When using the return_sampling_results=True parameter, the instruct() function returns a SamplingResult object (not a ModelOutputThunk) which carries the full history of sampling and validation results for each sample.

Validating Requirements

Now that we defined requirements and sampling we should have a look into how requirements are validated. The default validation strategy is LLM-as-a-judge.

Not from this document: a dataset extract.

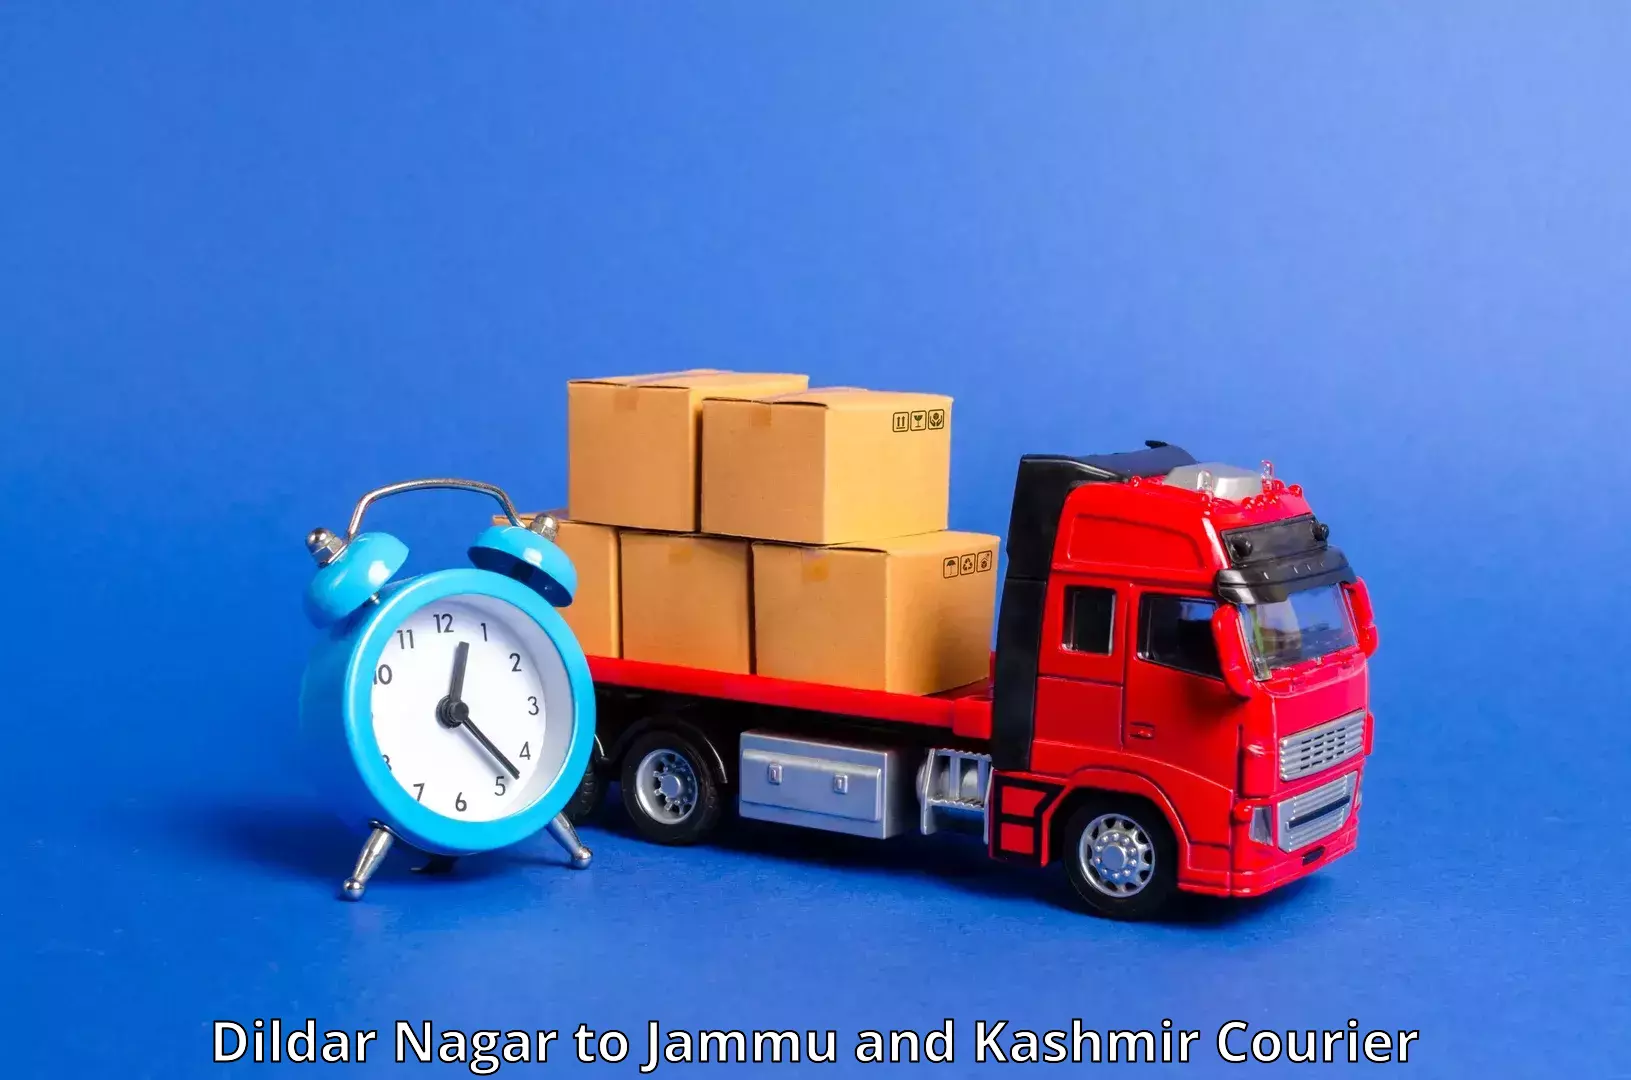 Fast delivery service in Dildar Nagar to Katra

Let’s look on how we can customize requirement definitions:
from mellea.stdlib.requirement import req, check, simple_validate

requirements = [
    req("The email should have a salutation"),  # == r1
    req("Use only lower-case letters", validation_fn=simple_validate(lambda x: x.lower() == x)),  # == r2
    check("Do not mention purple elephants.")  # == r3
]
Here, the first requirement (r1) will be validated by LLM-as-a-judge on the output (last turn) of the instruction. This is the default behavior, since nothing else is specified. The second requirement (r2) simply uses a function that takes the output of a sampling step and returns a boolean value indicating (un-)successful validation. While the validation_fn parameter requires to run validation on the full session context (see Chapter 7), Mellea provides a wrapper for simpler validation functions (simple_validate(fn: Callable[[str], bool])) that take the output string and return a boolean as seen in this case. The third requirement is a check(). Checks are only used for validation, not for generation. Checks aim to avoid the “do not think about B” effect that often primes models (and humans) to do the opposite and “think” about B.
LLMaJ is not presumtively robust. Whenever possible, implement requirement validation using plain old Python code. When a model is necessary, it can often be a good idea to train a calibrated model specifically for your validation problem. Chapter 6 explains how to use Mellea’s m tune subcommand to train your own LoRAs for requirement checking (and for other types of Mellea components as well).